Both sides seem intent on throwing as many attention and media grabbing hyperbole cluster bombs at each other as possible. What does this do for the tone, setting and understanding of politics and national (dis)unity that our young people experience? Where is the reasoned measured discourse about policy and solutions that we so desperately need in our country? With the scorched earth campaigns of the left and the right heating up more and more, what will eventually heal our nation and bring us together as a people, as a community? After all of this political fighting is over in November 2016, where will the hope be for common ground?

Presidential candidates Democrat Hillary Clinton and Republican Donald Trump are both formidable political animals. If they each emerge as their party’s nominees, will either one of them ever be able to govern? Particularly if, in the end, what they leave us with is a “house divided” and a deeper political animosity in our civil society than we have perhaps ever seen? If so the consequences may be catastrophic for our nation and for future generations.

I know many of you feel we are already there — in a condition of irreparable disunity. Democracy is rough and tumble. Politics is a knife fight.

I hope, however, we have not reached the point of irreparable disunity, and I pray that it does not take another major catastrophe or another attack on our nation to bring our country back together. I remember Benjamin and Jeremy Wise — two brothers, Arkansas natives and Hendrix alumni — who gave their lives in Afghanistan for the defense and unity of our nation. Let us not waste their sacrifice.

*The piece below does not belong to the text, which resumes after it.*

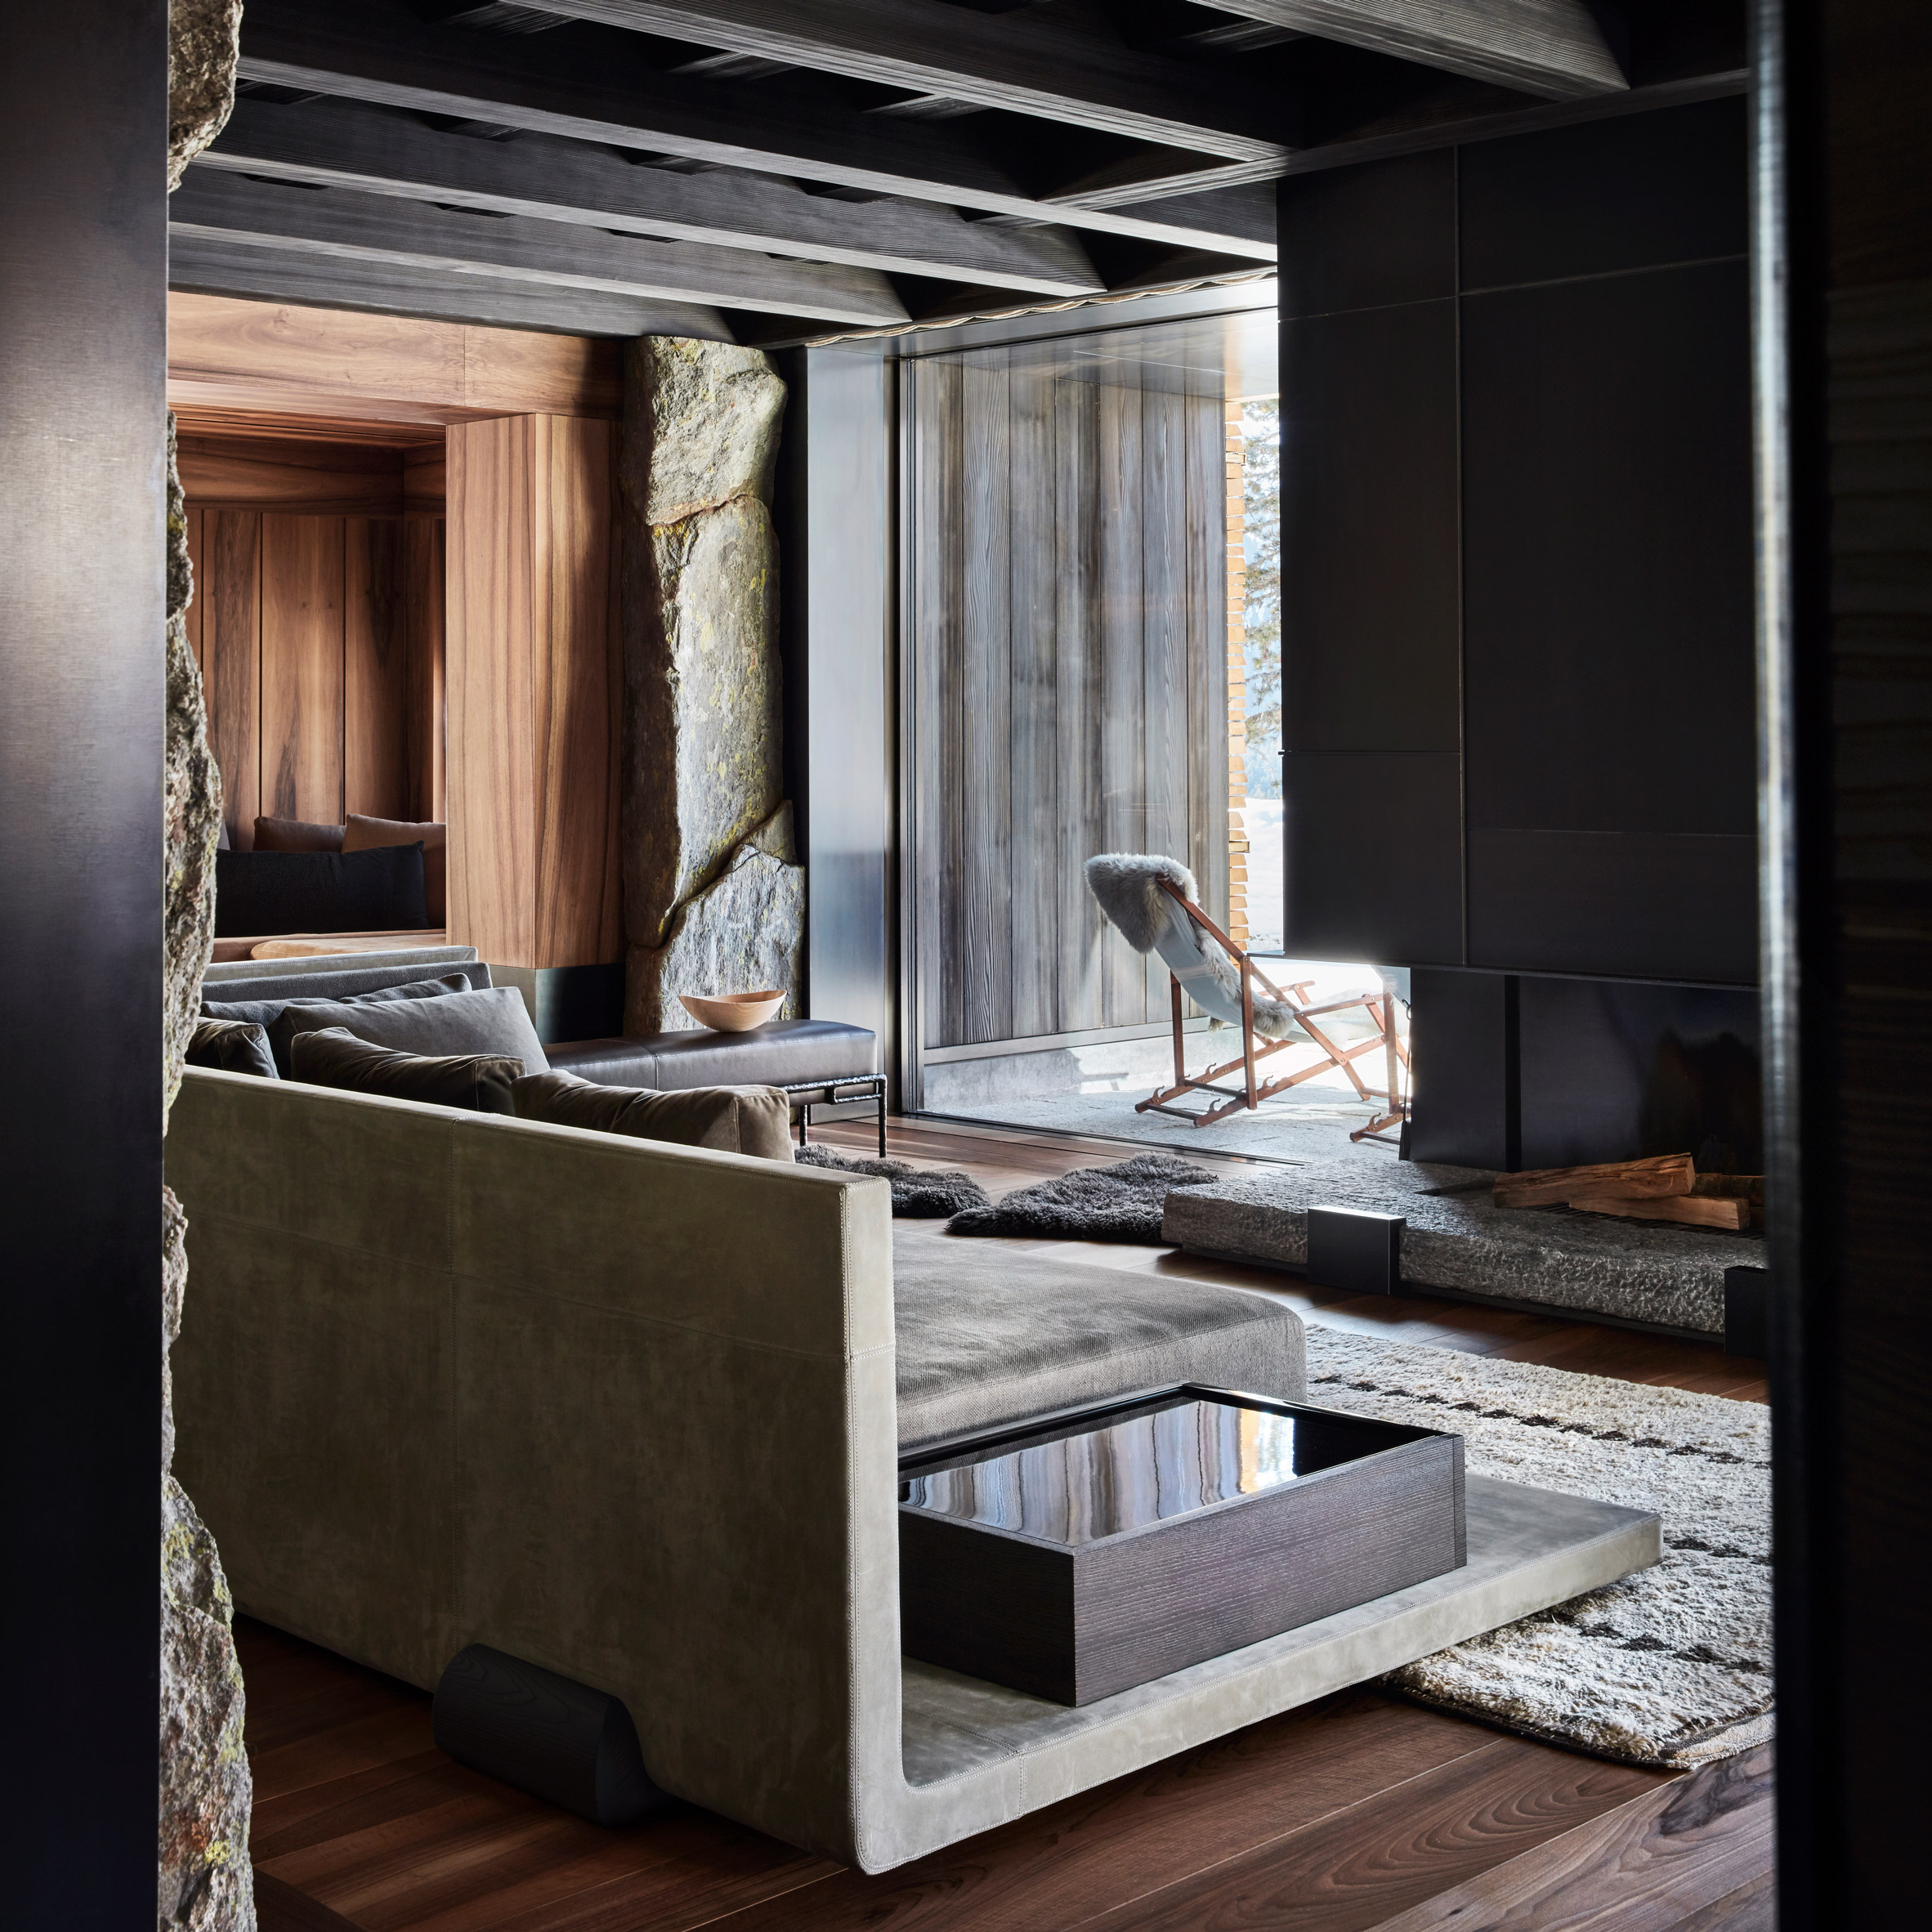 Luxury Villas Around The World By French Interiors Studio Liaigre

During this long season and in these campaigns for the presidency and other political offices, we desperately need voices of reason and unity. A wise man once said, “You have to live your way into new ways of thinking and living in community because you cannot think yourself into new ways of living and being in community.”

Our best thinking has gotten us into this state of division. God help our nation if we do not begin to witness acts of leadership and hear statements that signal a renewed hope for and commitment to unity. Bruce Springsteen also said, “What if what you do to survive kills the things you love? Fear’s a powerful thing. It can turn your heart black, you can trust. It’ll take your God filled soul, and fill it with devils and dust!”